I started thinking about various meat presentations I have enjoyed (or not-so-enjoyed) over the years, and had to wonder if the farmers had just thrown a few cocktail hours for their heifers, how much better the meat might have tasted.

Without question, one of the meats that can be splendidly decadent and delicious if prepared properly, or tougher than a ten-year-old gummy worm if not, is the temperamental seafood delicacy, octopus.  At it's best, it requires nothing more than a little oil and a small Greek salad accompanying it, and you have a feast fit for Neptune himself; at it's worst, it's a TMJ-sufferers most hideous nightmare.

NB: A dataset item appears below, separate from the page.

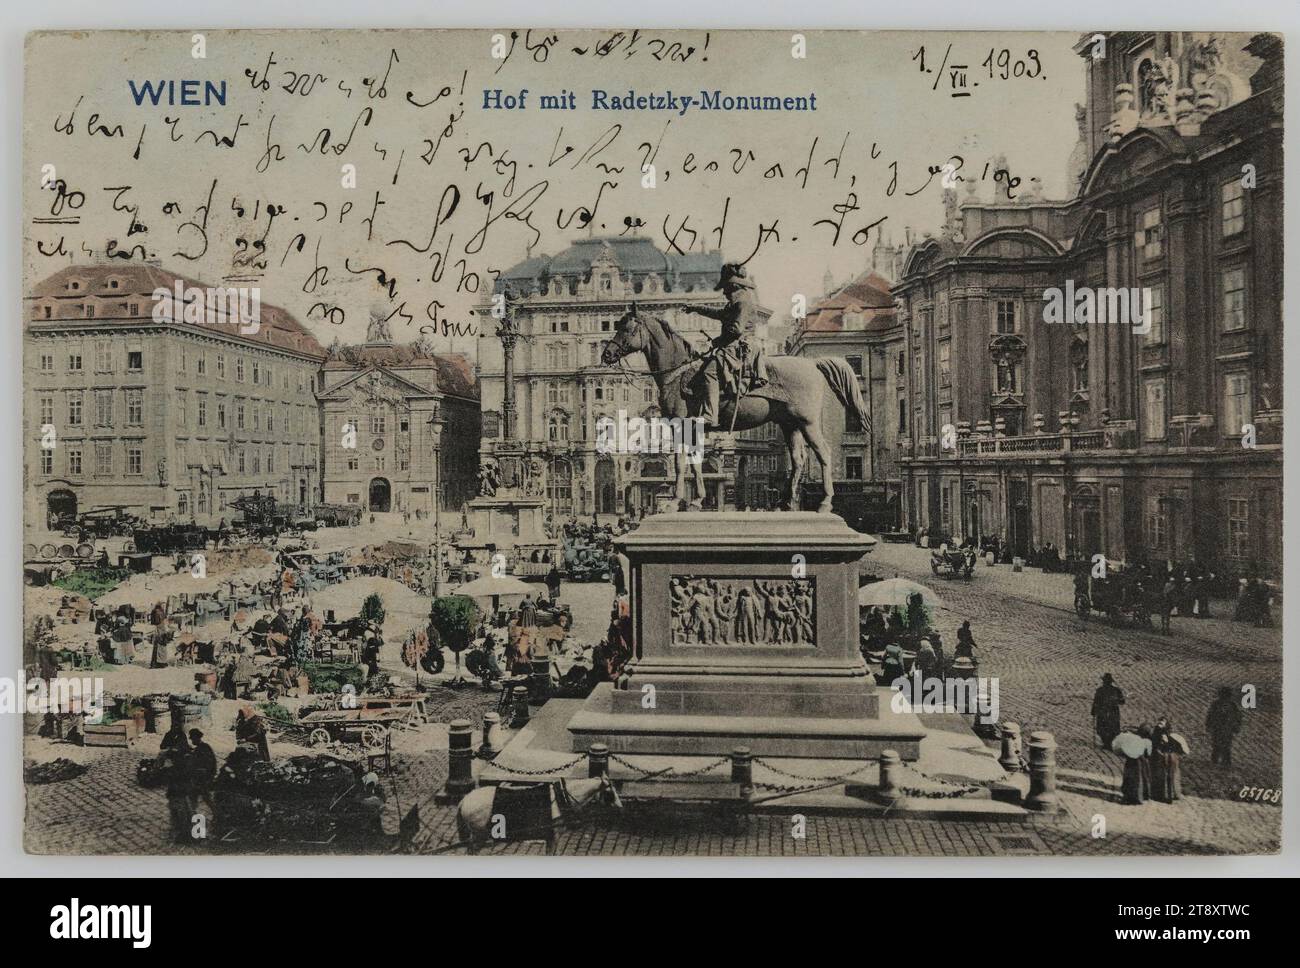 VIENNA, Hof mit Radetzky-Monument, Unknown, 1909, paperboard, hand colorised, Collotype, Height×Width: ca. 9×14 cm, Inscription, FROM, Vienna, TO, Scheibbs, ADDRESS, Hochwohlgeboren, Herrn u Frau Dir., Scheibbs, N.Ö., MESSAGE, 1.VII.1909, Text in shorthand!, Markets, Trade, Media and Communication, Postcards with transliteration, 1st District: Innere Stadt, square, place, circus, etc., with people, sculpture, church (exterior), monument, statue, handwriting, written text, Am Hof, Radetzkydenkmal (1), equestrian statue, Kirche am Hof Stock Photo

During a recent visit to Thalassa, an exquisite Greek restaurant in Tribeca, I enjoyed what was--beyond any shadow of a doubt--the most gorgeously tender octopus ever to cross my palate.  It required no knife whatsoever, and the fork literally slid through the dish as easily as through a warm pat of butter.  It was exponentially more tender than any previous version I have tried, or any future I am likely to encounter.  And quite honestly, it stunned me.  Even more shocking, however, was the chef's candid response when I asked him his secret to preparing such magnificently tender octopus...

A washing machine!

That's right, Thalassa's Executive Chef Ralphael Abrahante has a washing machine designated for the sole purpose of tenderizing the Portuguese octopus before grilling it.  When questioned about the technique, he explained that you hear all sorts of crazy tactics typically employed, a common one involving the fisherman beating the octopus on the rocks repeatedly after catching them to tenderize the seafood.  Considering the alternative, a spin in the washing machine sounds exceptionally more humane.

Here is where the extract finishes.